Part of that depends upon whether or not it is an 18 land format like BFZ is. 8-8-2colorless or 8-7-3colorless should work as long as you do not have low casting cost spells requiring double color such as Ancient Crab.
The payoff for having access to colorless at some point in the game seems worth splashing a small number of these lands, since many of the effects are very powerful. I also think that common Hedron Crawler is decent enough if the colorless is meaningful since it also ramps. Common Seer's Lantern is also okay in a pinch if you have some good high casting cost cards to ramp to.

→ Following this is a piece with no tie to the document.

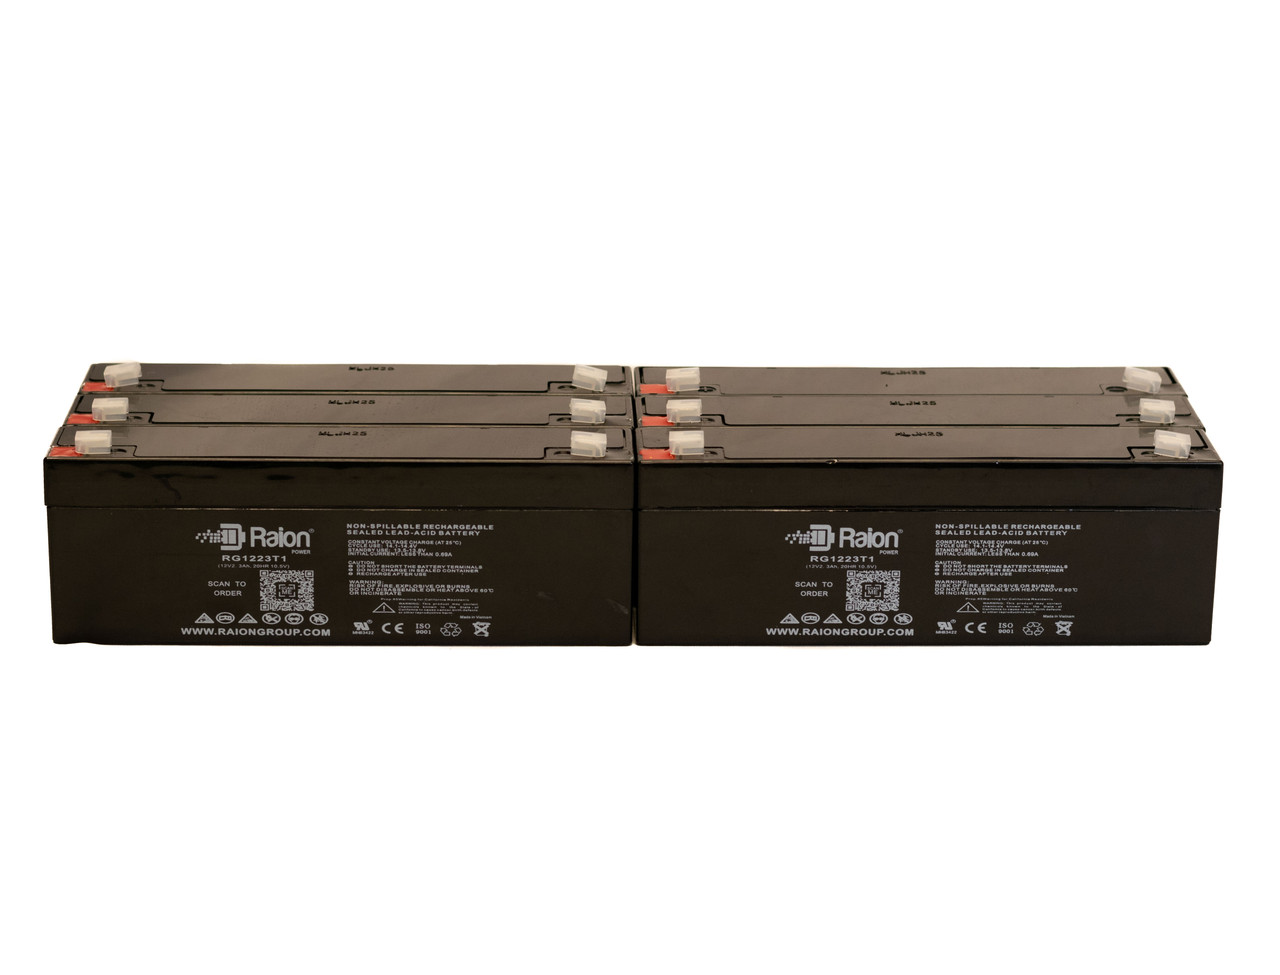 Raion Power 12V 2.3Ah RG1223T1 Replacement Medical Battery for Mortara ELI 150c ECG Recorder - 6 Pack

I think that if you try for 3 color plus colorless, that could really be stretching it too far unless you can get a couple of the uncommon dual-lands or other fixing (green).
It's worth noting that the motivation to draft true colorless cards also incentives people to to play regular old 3-color decks, also. The mana fixing in this set is actively good (if not Khans level), and if some people are splashing for true colorless cards, then that opens the door for others to splash, say, black. I think it's very likely that 3-color decks are going to be the norm in this set.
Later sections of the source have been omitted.